Directions for this task: Down to the last line, set down the material below exactly; skip the pictures.

Recorded data:

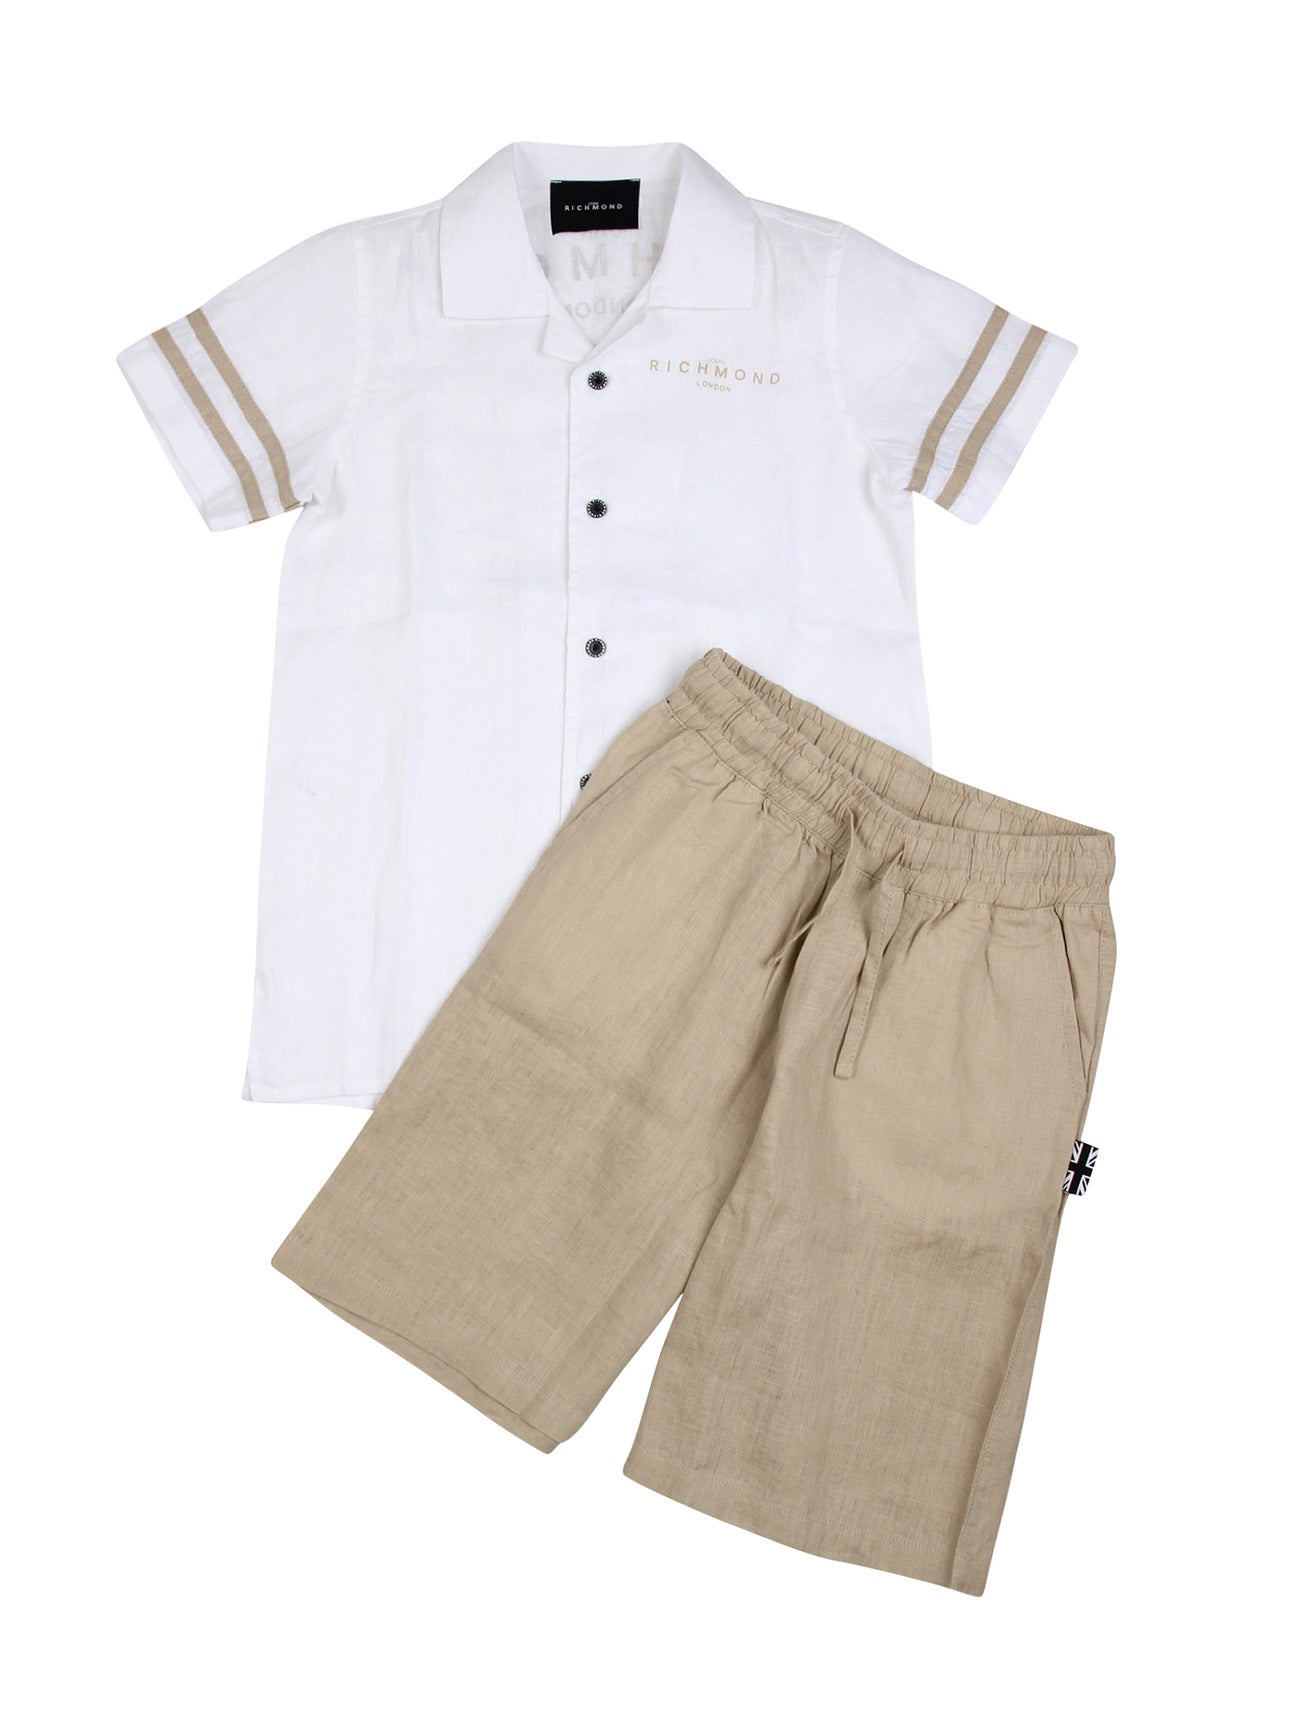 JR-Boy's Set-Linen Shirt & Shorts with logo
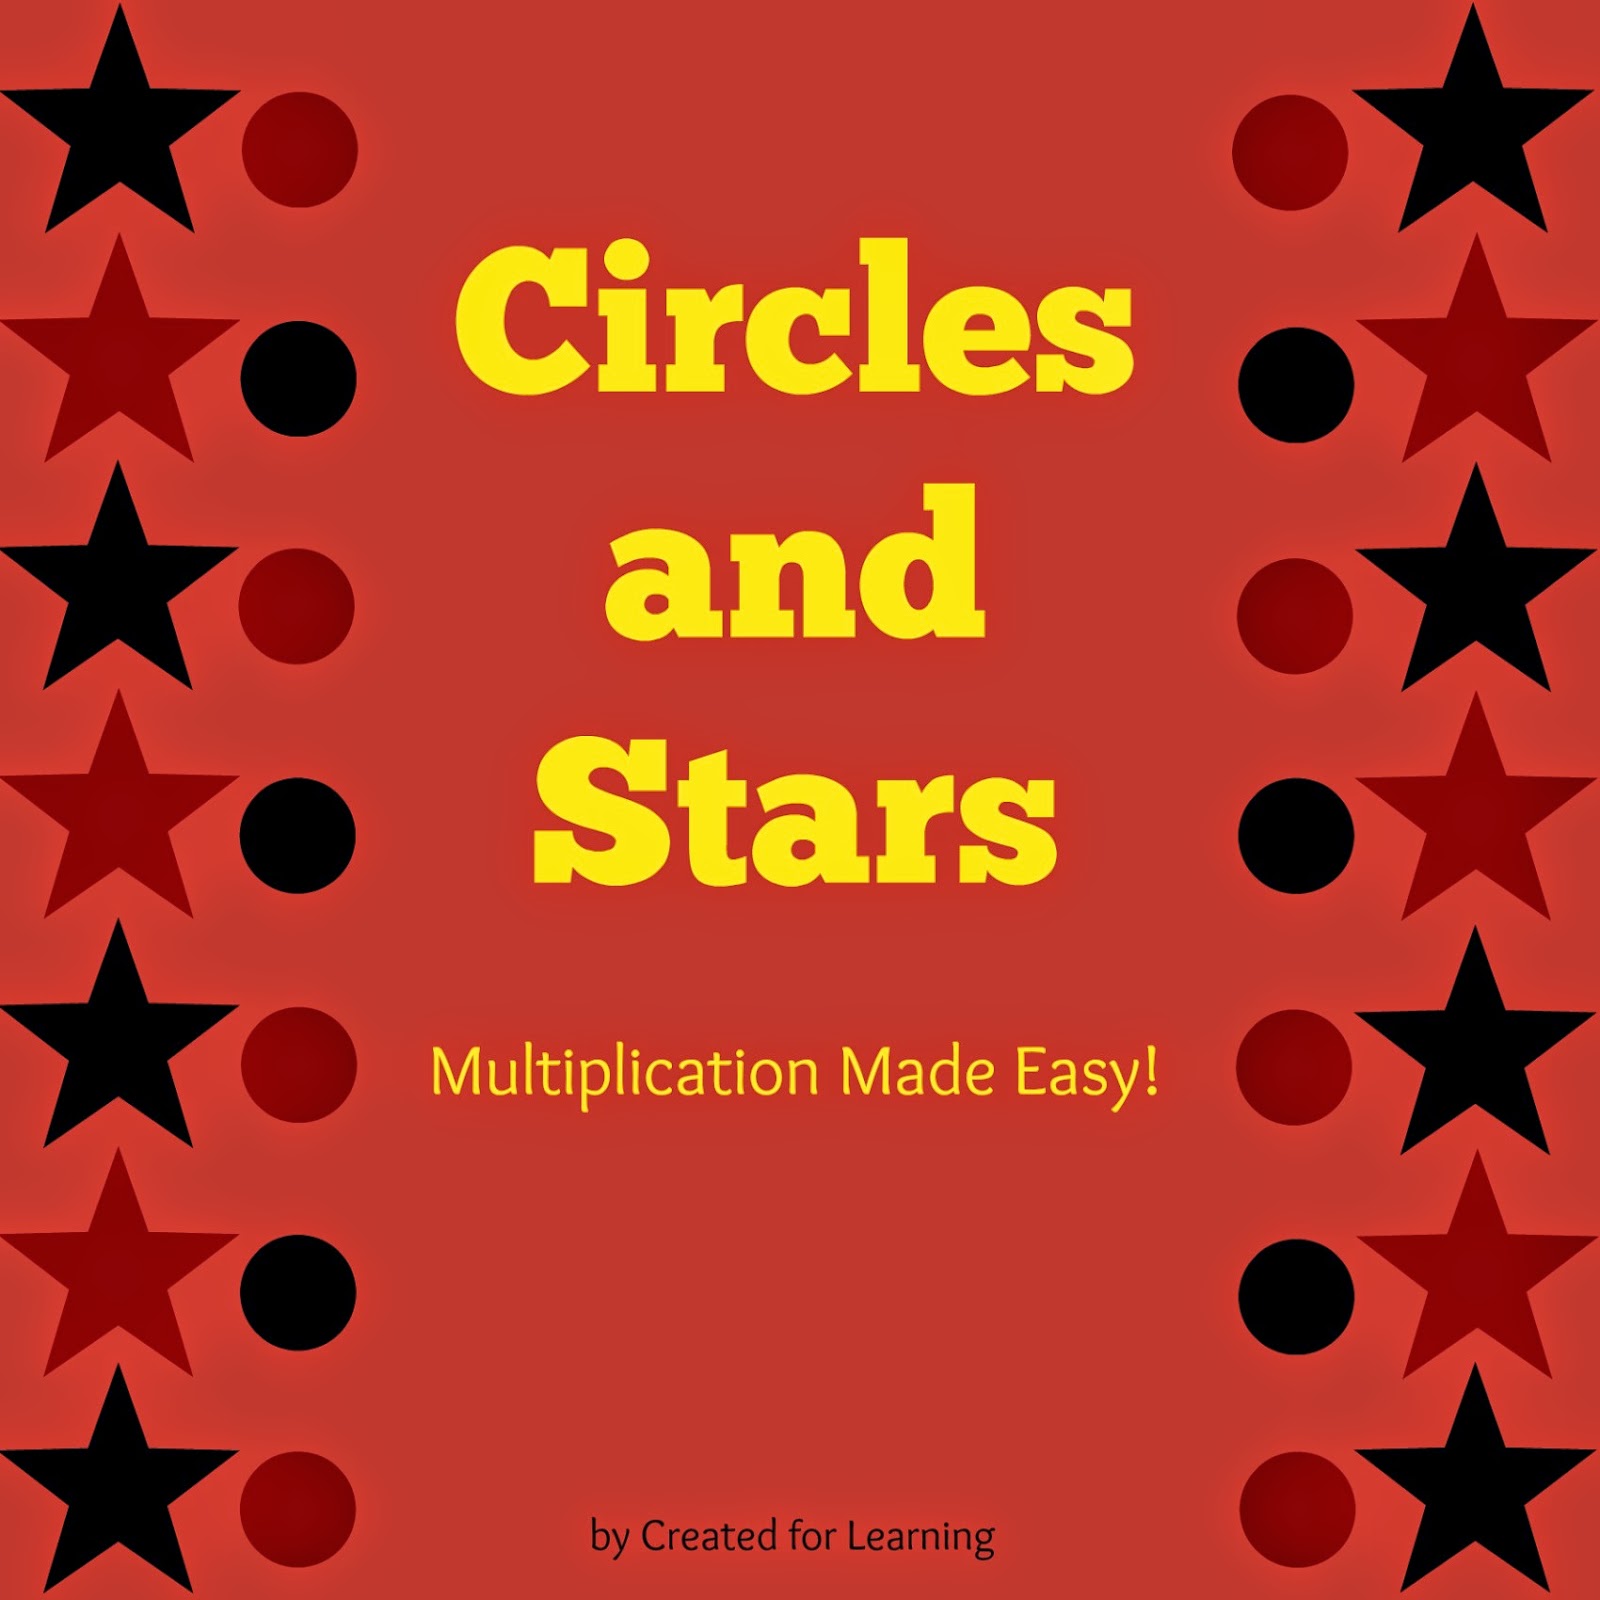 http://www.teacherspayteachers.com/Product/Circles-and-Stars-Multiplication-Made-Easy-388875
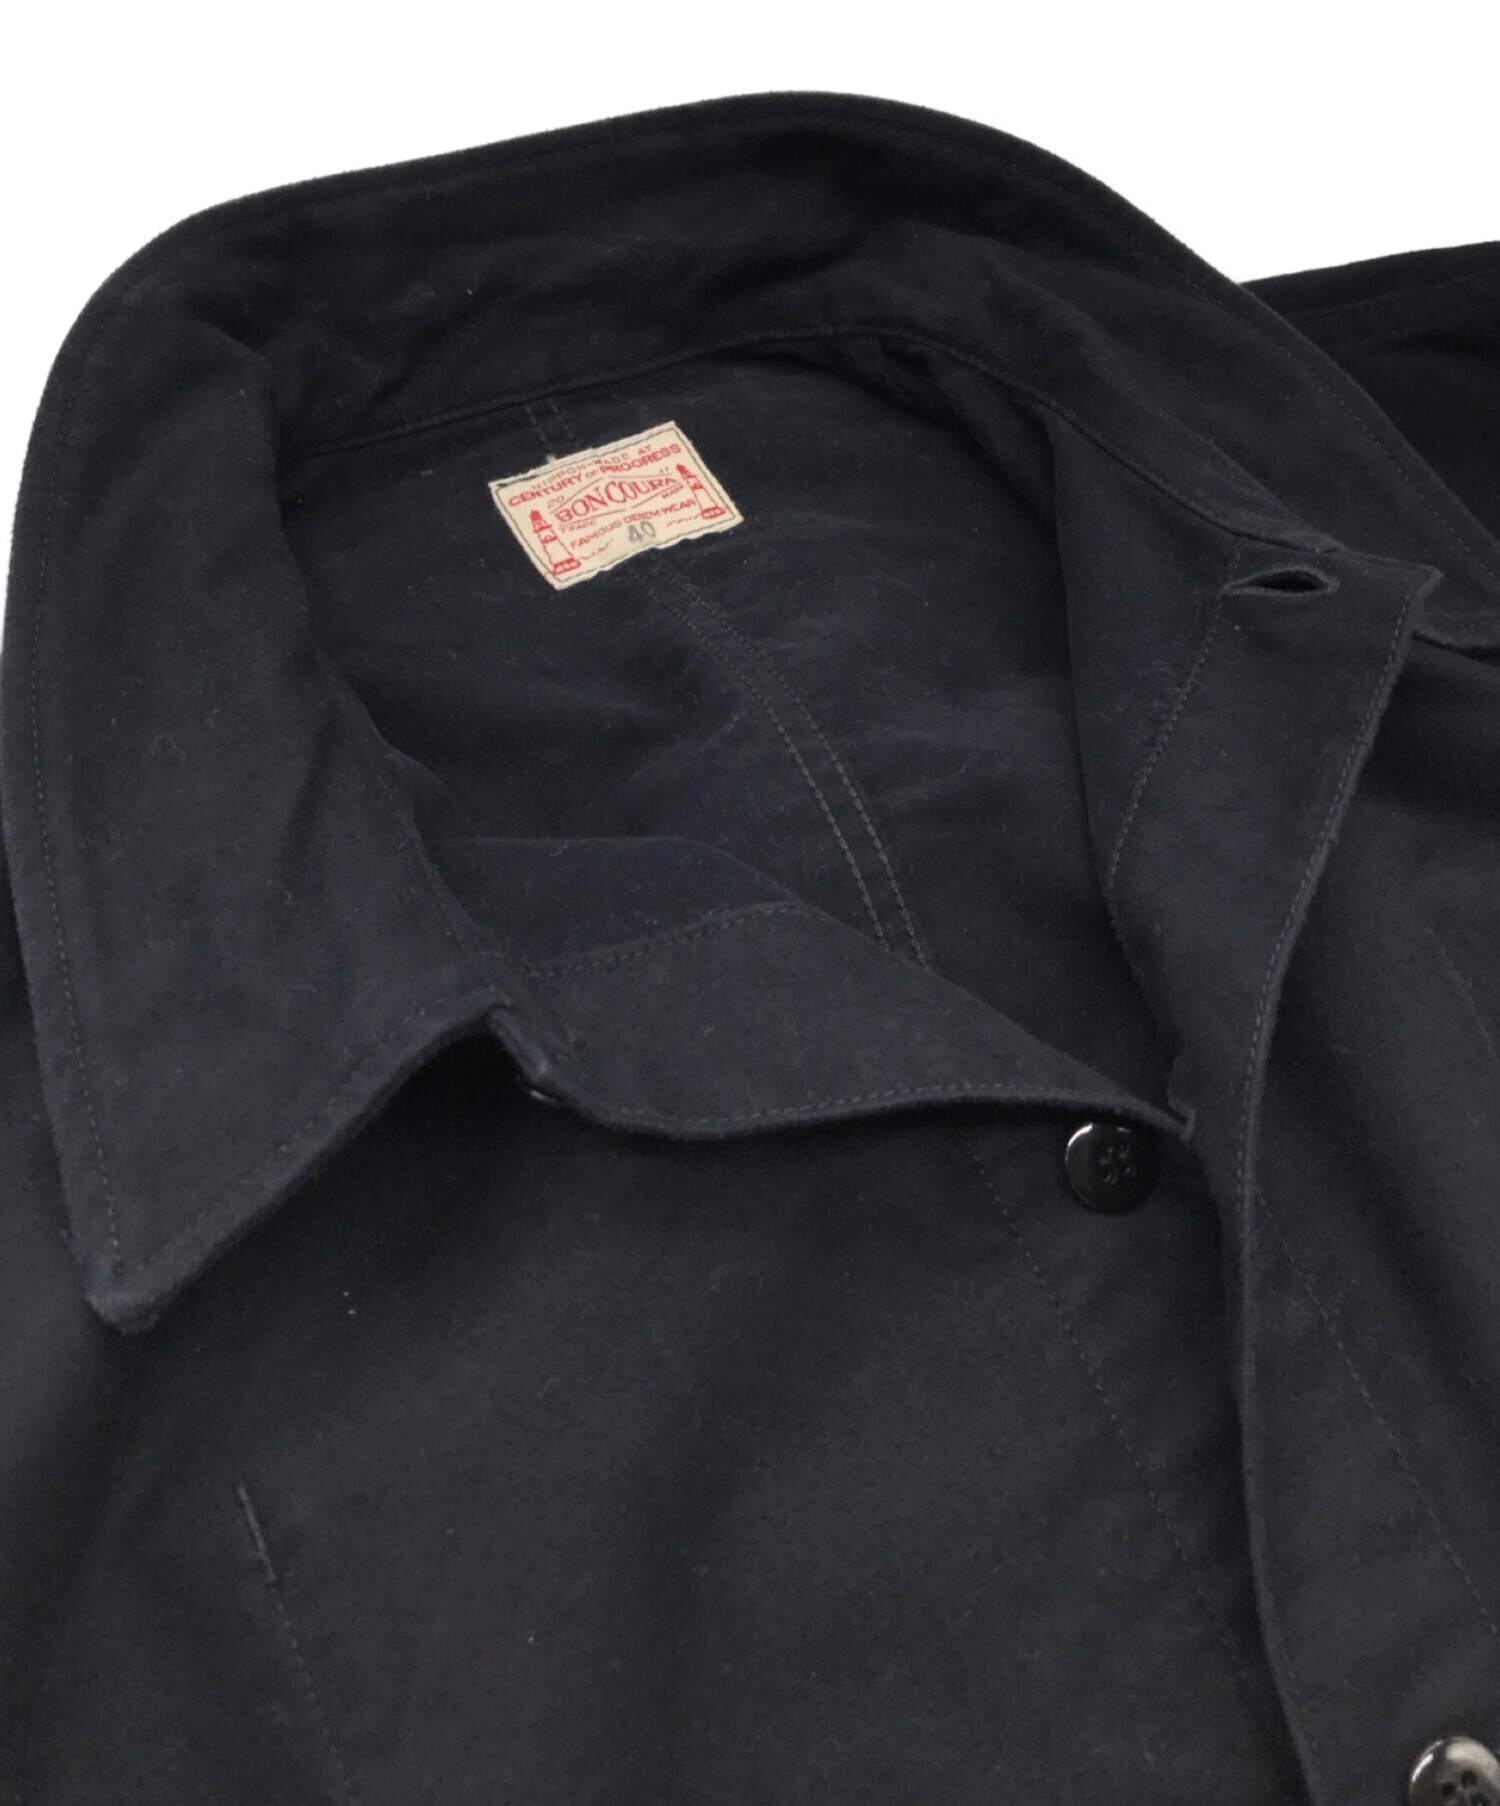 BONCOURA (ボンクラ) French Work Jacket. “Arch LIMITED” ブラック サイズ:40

Result below:
 JR-Boy's Set-Linen Shirt & Shorts with logo
 http://www.teacherspayteachers.com/Product/Circles-and-Stars-Multiplication-Made-Easy-388875
 BONCOURA (ボンクラ) French Work Jacket. “Arch LIMITED” ブラック サイズ:40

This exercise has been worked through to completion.